Я как раз мыла листья салатной капусты, но когда заметила, что солдат едет к нам, быстро их собрала, завернула в кусок ткани и сунула под раковину. Потом я подбежала к задней двери.

— Су Хи! — позвала я сестру. — Сюда едет солдат на мотоцикле!

Су Хи как раз выкапывала глиняные горшки онгги с рисом и овощами, которые мы спрятали за домом, но тут выпрямилась и взглянула на дорогу. Увидев солдата, она очень серьезно посмотрела на меня, безмолвно призывая к осторожности.

— Задержи его, — велела она, а потом опустилась на колени и поспешно принялась засовывать онгги обратно в ямы, откуда их вынула.

Я вернулась в дом и стала смотреть из окна кухни на приближение змеи.

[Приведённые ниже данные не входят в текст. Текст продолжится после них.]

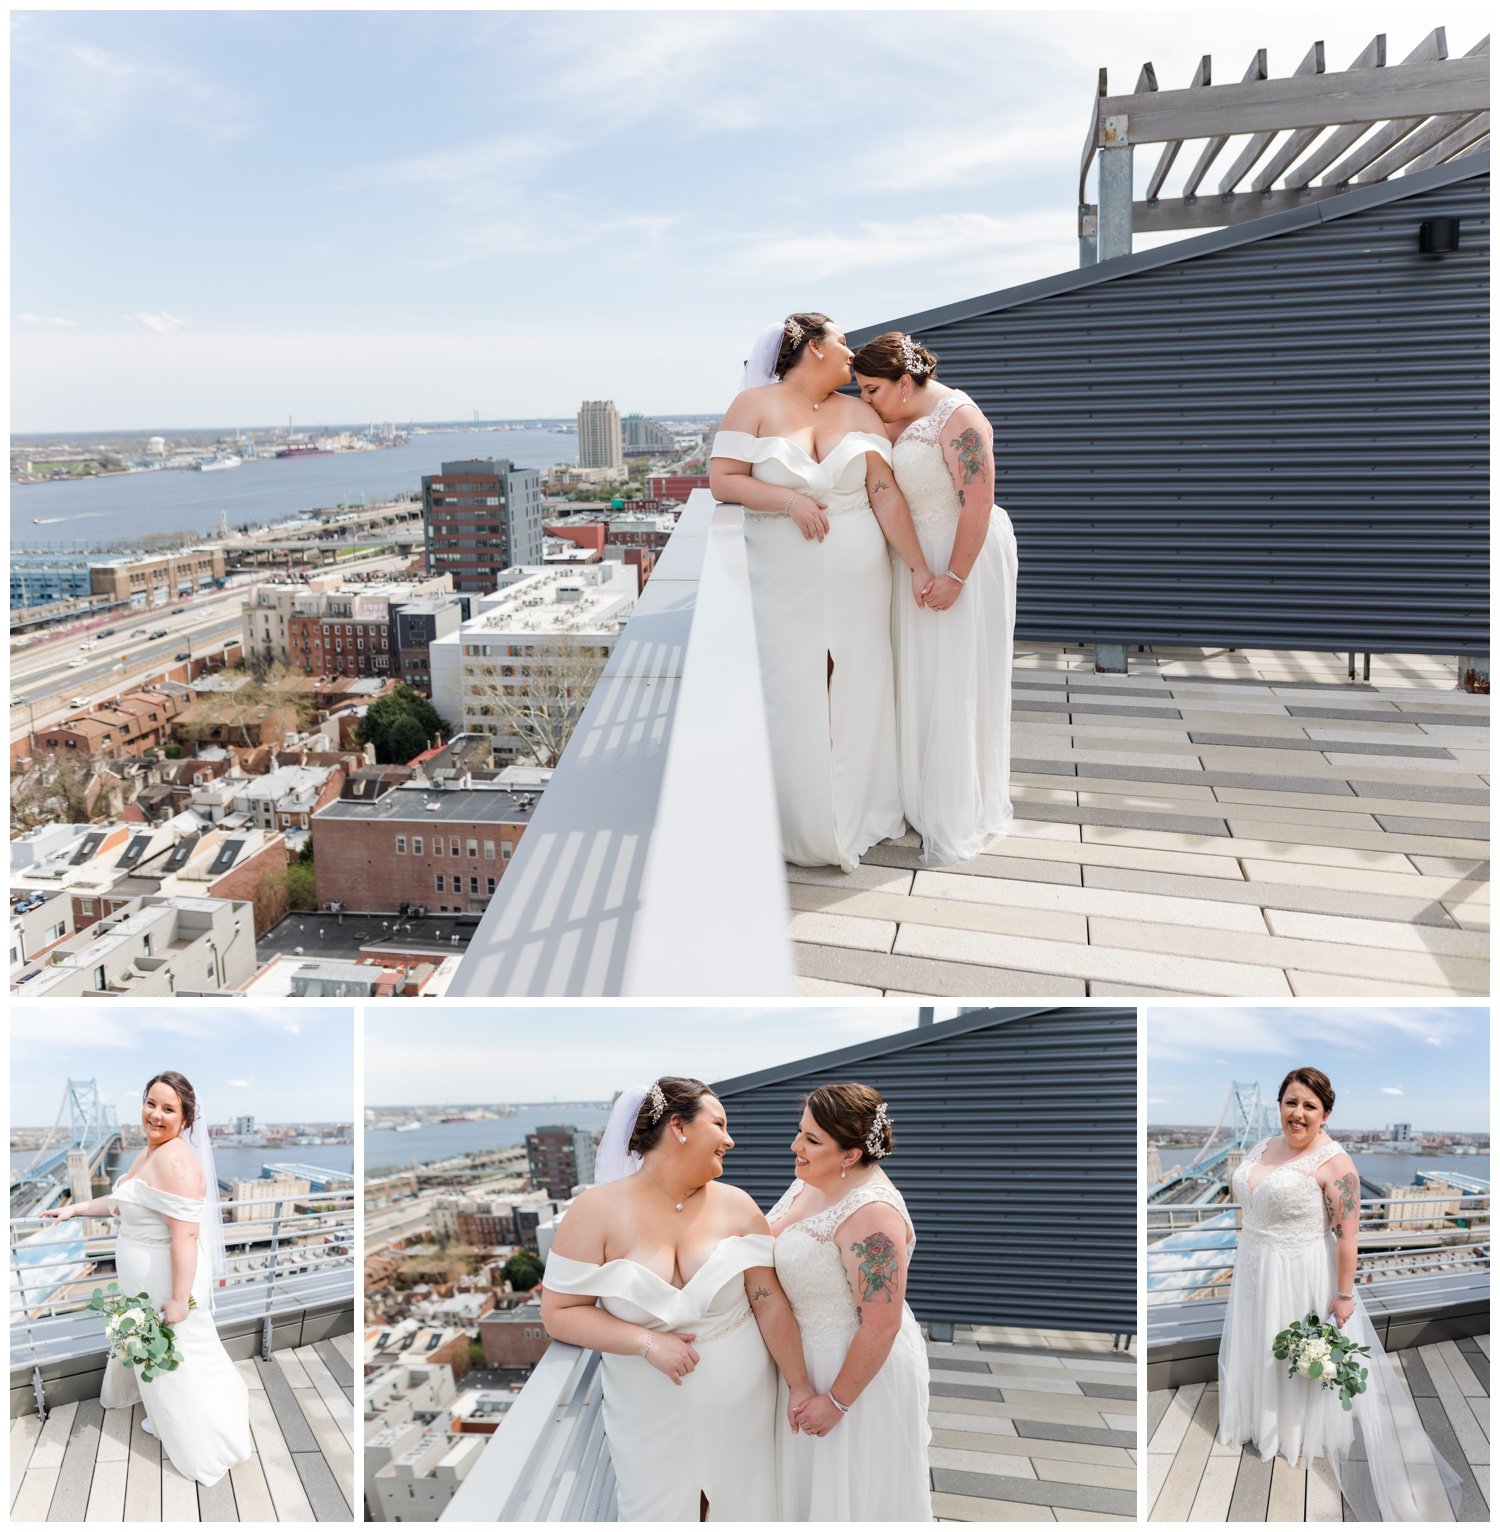 Race-Street-Pier-and-Yards-Brewing-Compnay-Philly-LGBT-Wedding-12.jpg

Оставалась надежда, что солдат проедет дальше, к другому дому по этой дороге, но он остановился и прислонил мотоцикл к нашей хурме. Послеполуденный ветерок поймал хвост змеи и принялся играть с ним, вытягивая его, пока змея не исчезла и не остался только человек возле мотоцикла. Солдат снял перчатки и похлопал ими по бедру, так что в воздух поднялись облачка пыли. Потом он запустил руку в кожаную сумку, достал желтый конверт и подошел ко входу в дом.

— Эй! У меня предписание от военного командования! — крикнул он по-японски. — Выходите! Выходите!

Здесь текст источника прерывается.